If we want to inspect the model statistics, the SparkML API requires us to go through this unfortunate contortion to access the clustering results:

cluster_stage = model.stages[2]

We can then compute the sum of squared distances of points to their nearest center, which is elemental to most cluster quality metrics.

metric = cluster_stage.computeCost(clustered)
print("Within set sum of squared errors: %s" % metric)
Within set sum of squared errors: 227482460729.71326

Visualize Prediction

We can recreate the tiled data structure using the metadata added by the TileExploder pipeline stage.

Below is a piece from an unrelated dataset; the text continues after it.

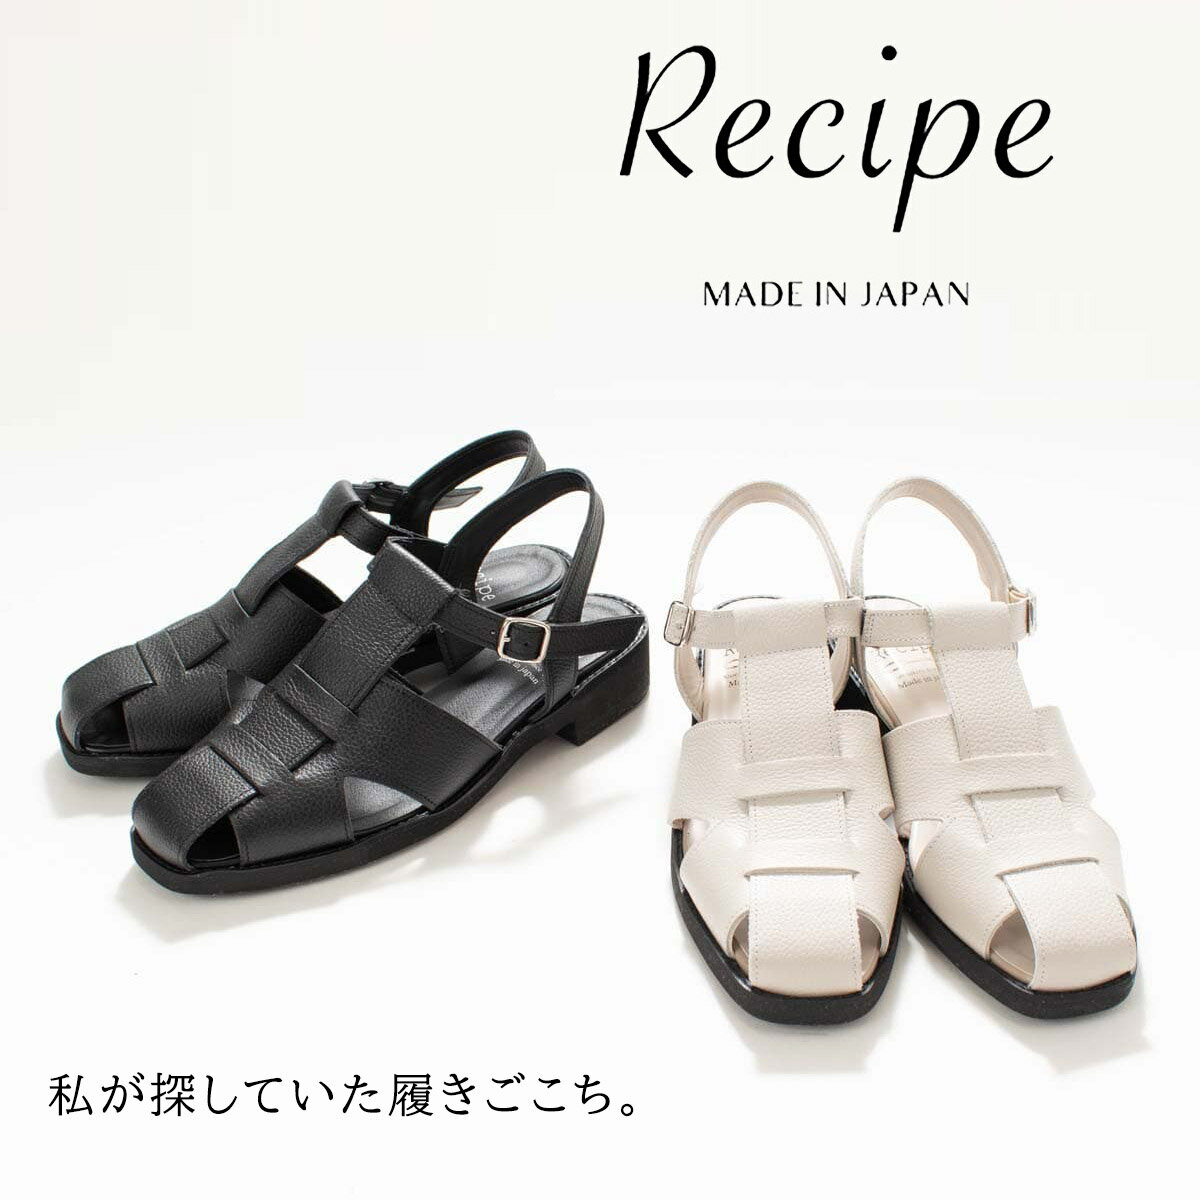 Recipe レシピ レザーグルカサンダル RP-518 レディース 革靴 レザー サンダル 疲れにくい 歩きやすい ゆったり 40代 50代 上品 おしゃれ ナチュラル シンプル カジュアル やわらかい 人気

from pyrasterframes.rf_types import CellType

tile_dims = df.select(rf_dimensions(df.b1).alias('dims')).first()['dims']
retiled = clustered.groupBy('extent', 'crs') \
    .agg(
        rf_assemble_tile('column_index', 'row_index', 'prediction',
            tile_dims['cols'], tile_dims['rows'], CellType.int8()).alias('prediction')
)

retiled.printSchema()
root
 |-- extent: struct (nullable = true)
 |    |-- crsProj4: string (nullable = false)
 |-- crs: struct (nullable = true)
 |    |-- crsProj4: string (nullable = false)
 |-- prediction: tile (nullable = true)
retiled
extent crs prediction
[+proj=utm +zone=17 +datum=WGS84 +units=m +no_defs ] [+proj=utm +zone=17 +datum=WGS84 +units=m +no_defs ]

The resulting output is shown below.

display(retiled.select('prediction').first()['prediction'])